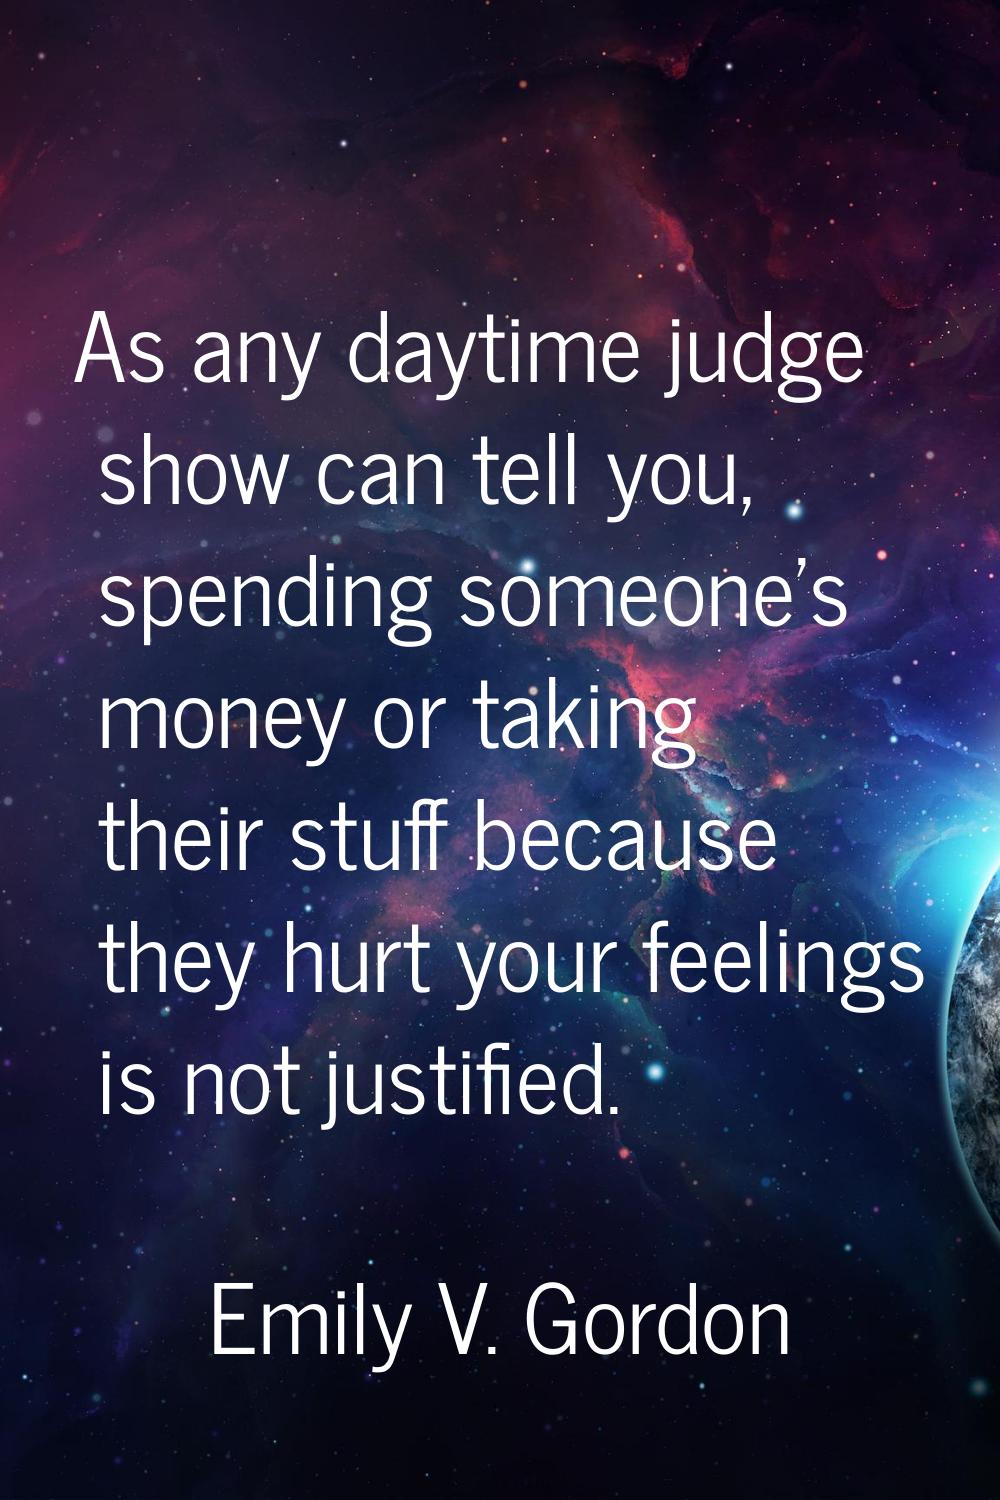 As any daytime judge show can tell you, spending someone's money or taking their stuff because they
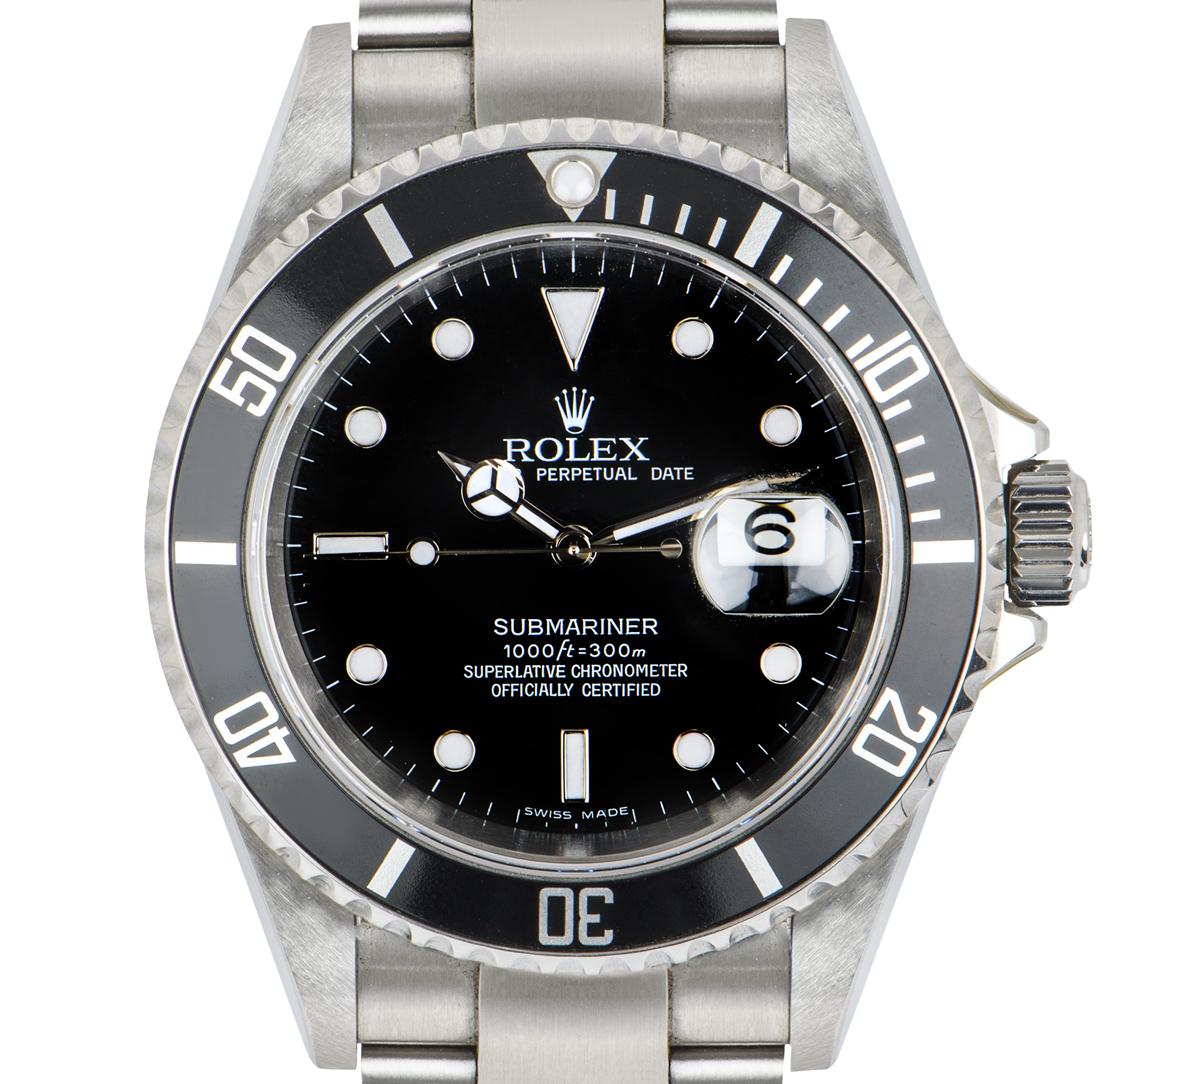 A men's 40mm Submariner Date in Oyster steel by Rolex. Featuring a black dial with a unidirectional rotating bezel and a black 60-minute graduation bezel insert.

Fitted with a scratch resistant sapphire crystal and powered by a self-winding

* _Prompt_: Each line of the data above must be reproduced as written. Skip the pictures.

* _Solved exercise_:
 As any daytime judge show can tell you, spending someone's money or taking their stuff because they
 A men's 40mm Submariner Date in Oyster steel by Rolex. Featuring a black dial with a unidirectional rotating bezel and a black 60-minute graduation bezel insert.

Fitted with a scratch resistant sapphire crystal and powered by a self-winding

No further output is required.